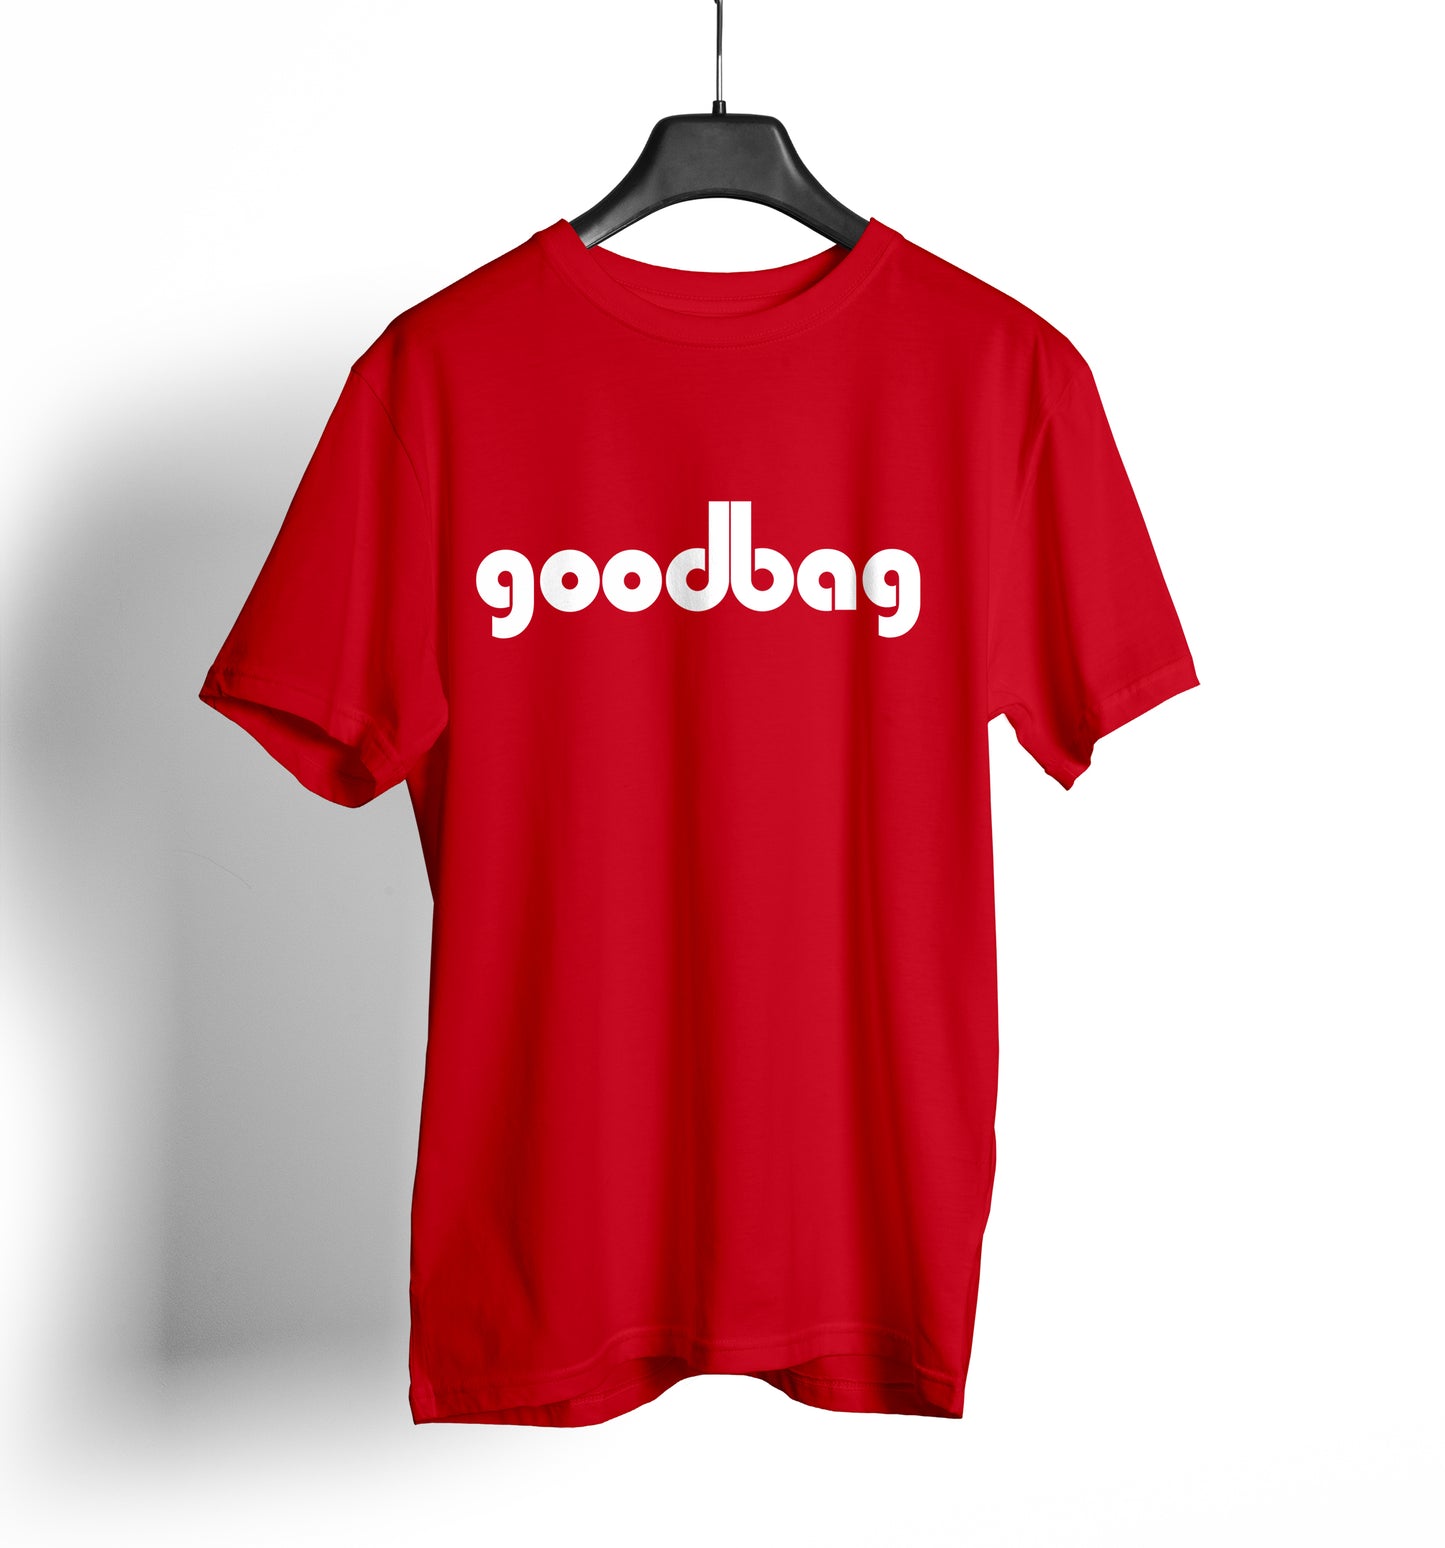 cornhole shirt goodbag red
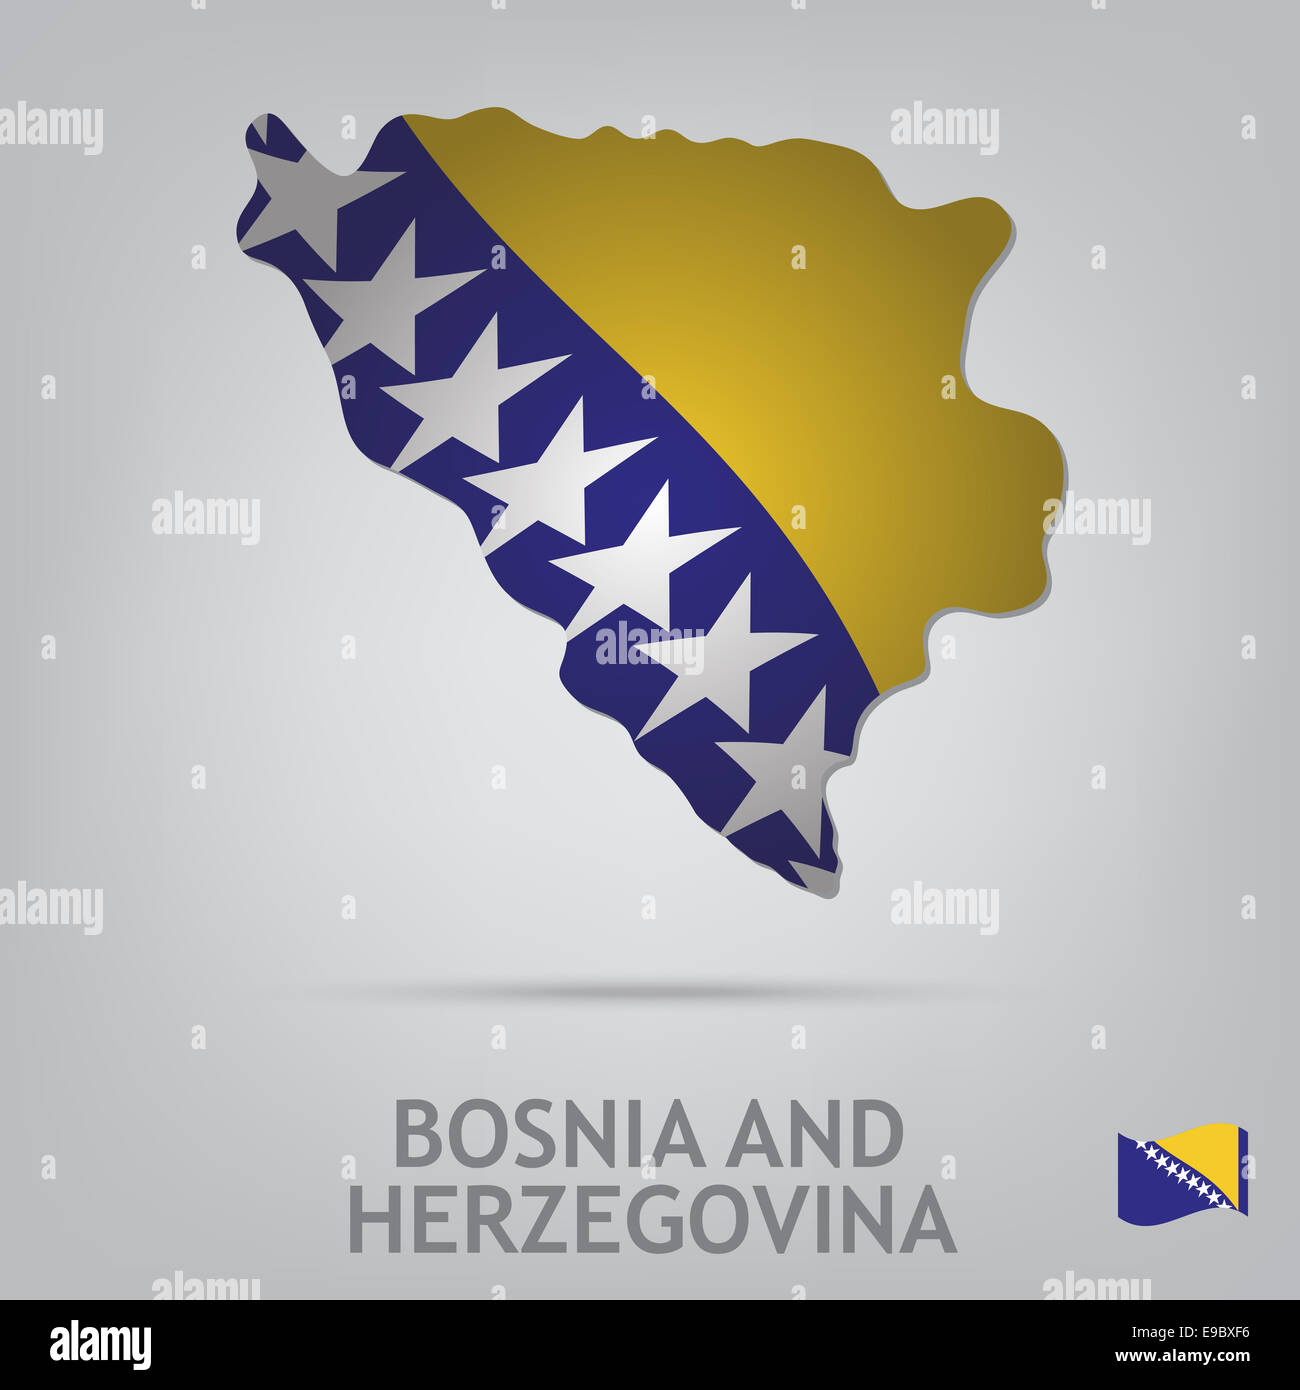 bosnia and herzegovina Stock Photo
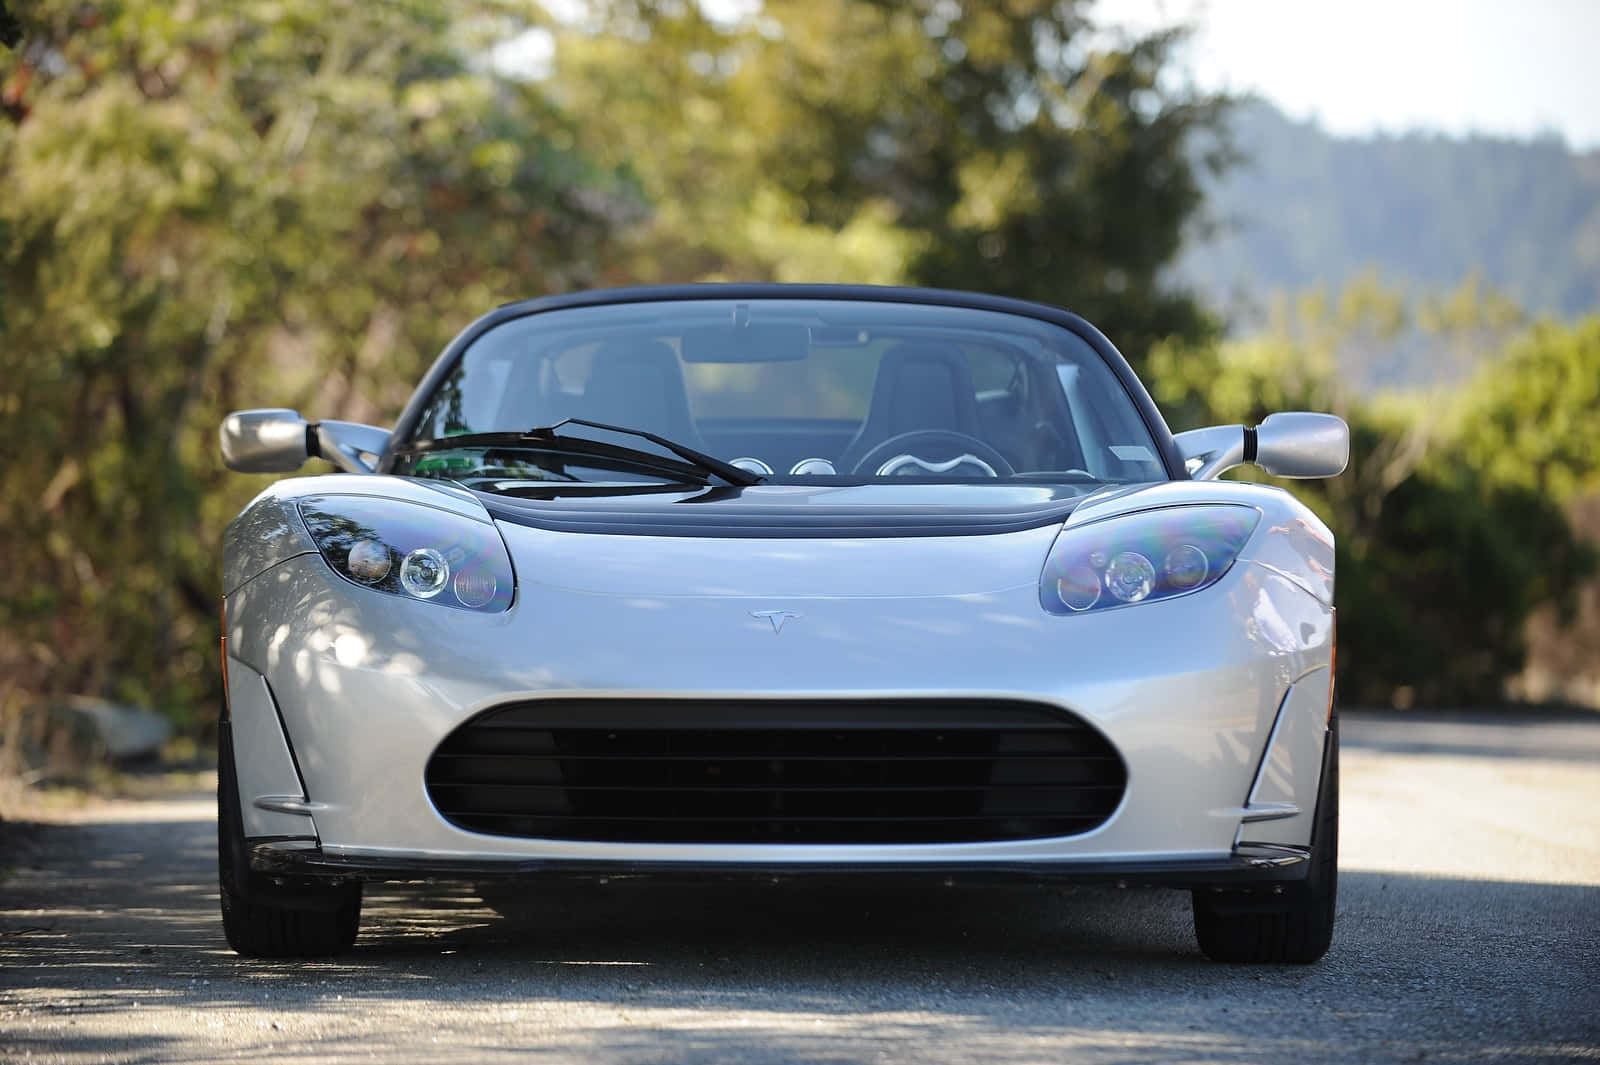 Luxurious Tesla Roadster - Innovation Meets Performance

**WORK ITEM**
In your output, repeat the listing above exactly and include none of the pictures.

**REPLY**
 cornhole shirt goodbag red
 bosnia and herzegovina Stock Photo
 Luxurious Tesla Roadster - Innovation Meets Performance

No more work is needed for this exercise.